Pepsi's Facebook page has 133,000 fans, although that may be deceiving since most of the latest messages on the page seem to reinforce what many are calling a marketing disaster.
"I became a [Facebook] fan of this just to say how stupid it is. No company is going to tell me how to cheer. I don't need a sports cheer marketed," wrote Facebook member Jeff.
Meanwhile, the recently created "Eh! Oh! Canada Go! chant is a national embarrassment" Facebook page has 30,000 members.
And on Canucks.com, one fan created a forum discussion demanding the Pepsi chant be boycotted.
While Pepsi said the chant had "landed in Saskatoon" it was barely heard, if not for the parachuted Pepsi employees who tried (and failed) to launch the chant inside the arena.
During one commercial break in a previous game the chant's creator Joan Buma was introduced while a small group of "fans" chanted the cheer and a Pepsi cheerleader waved a Pepsi flag up and down the aisles. To Pepsi's credit one boy (presumed not to be paid by Pepsi) did stand up and bravely cheer the Pepsi chant for the camera.
Fans posting messages on online hockey discussion forums, such as NHL team websites and HFBoards.com, condemned the chant, with all due respect to Buma.

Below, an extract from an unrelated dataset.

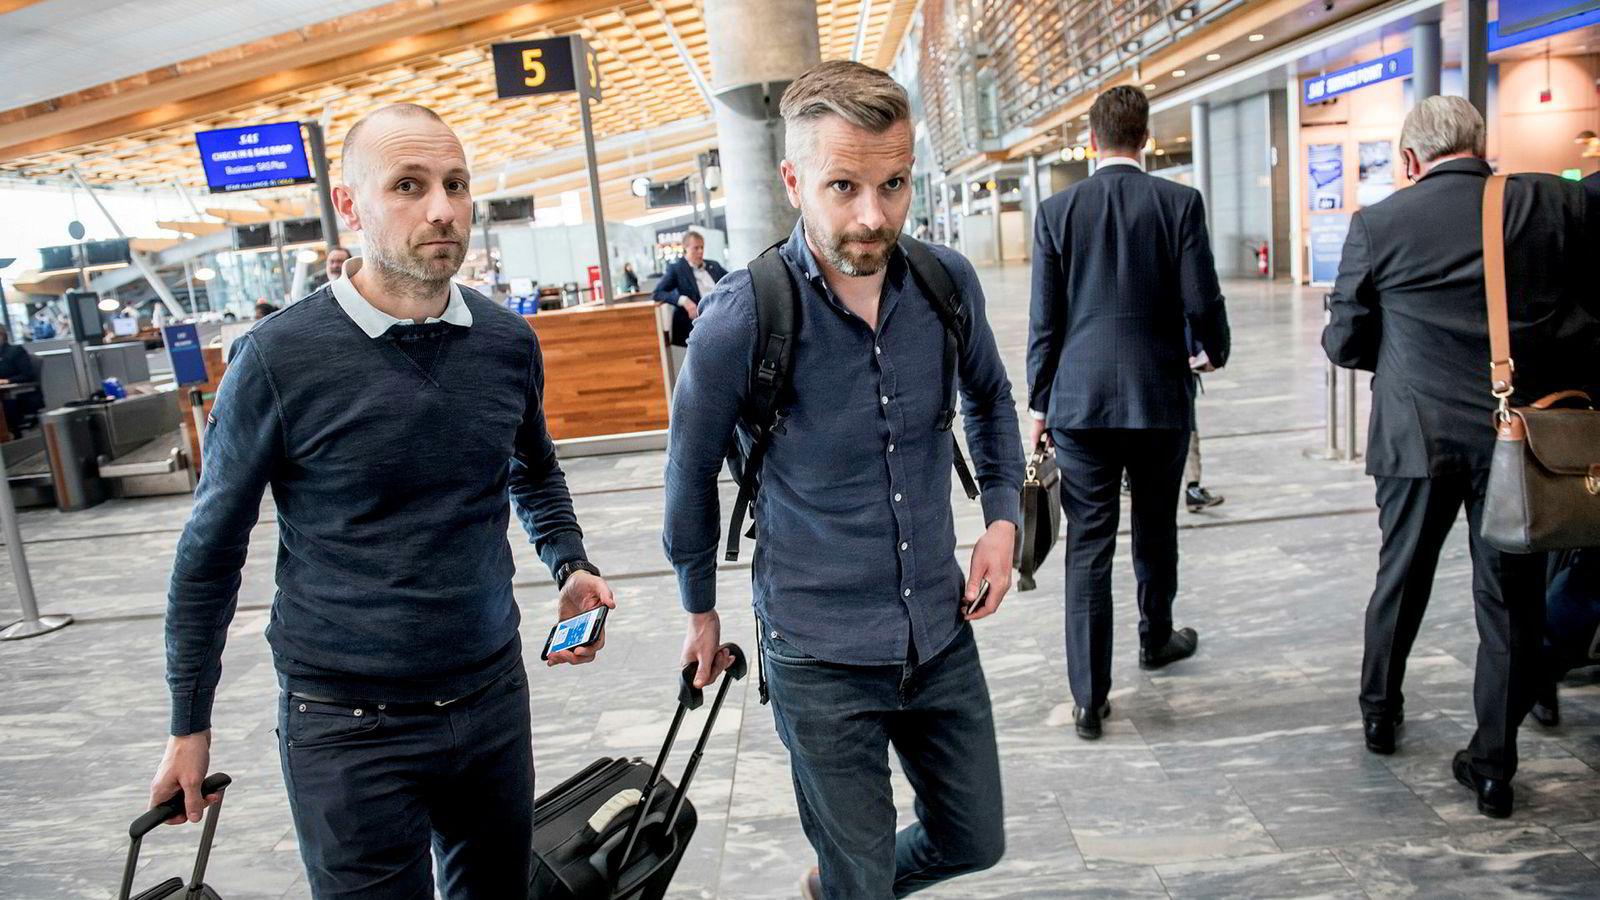 Ole Dag Løvehaug (til venstre) og kollega Anders Engøy i helseteknologiselskapet Karl Storz flyr ofte med SAS: – Vi er spente på hva som skjer neste uke, for da har flere kolleger bestilt reise til Chicago. Men jeg tror SAS er fleksibel, om det blir streik, sier Engøy. Han har rundt 50 reiser med SAS årlig.

"I trust the Pepsi chant will die the early and inglorious death it deserves," said one member on HFBoards.com.
Bloggers also derided the corporate gimmick.
“Toronto Mike” said on his popular blog that the premise that Team Canada fans needed to be united was "faulty," and that fans are not corporate "sheep."
By the gold medal game there was seemingly nothing left of the chant other than the continuous bombardment of Pepsi commercials on television. The cheer wasn't necessarily boycotted, rather it was simply ignored and died an inglorious death.
I'm claiming victory. This campaign will go down in history as one of the greatest miscalculations in Canadian marketing history. We Canadians are a tolerant bunch, polite and passive at times, but when you come in our backyard and tell us how to cheer for our national hockey team, we get pissed. And you don't want to see a Canadian pissed.
That damn cheer has indeed died an inglorious death. We won!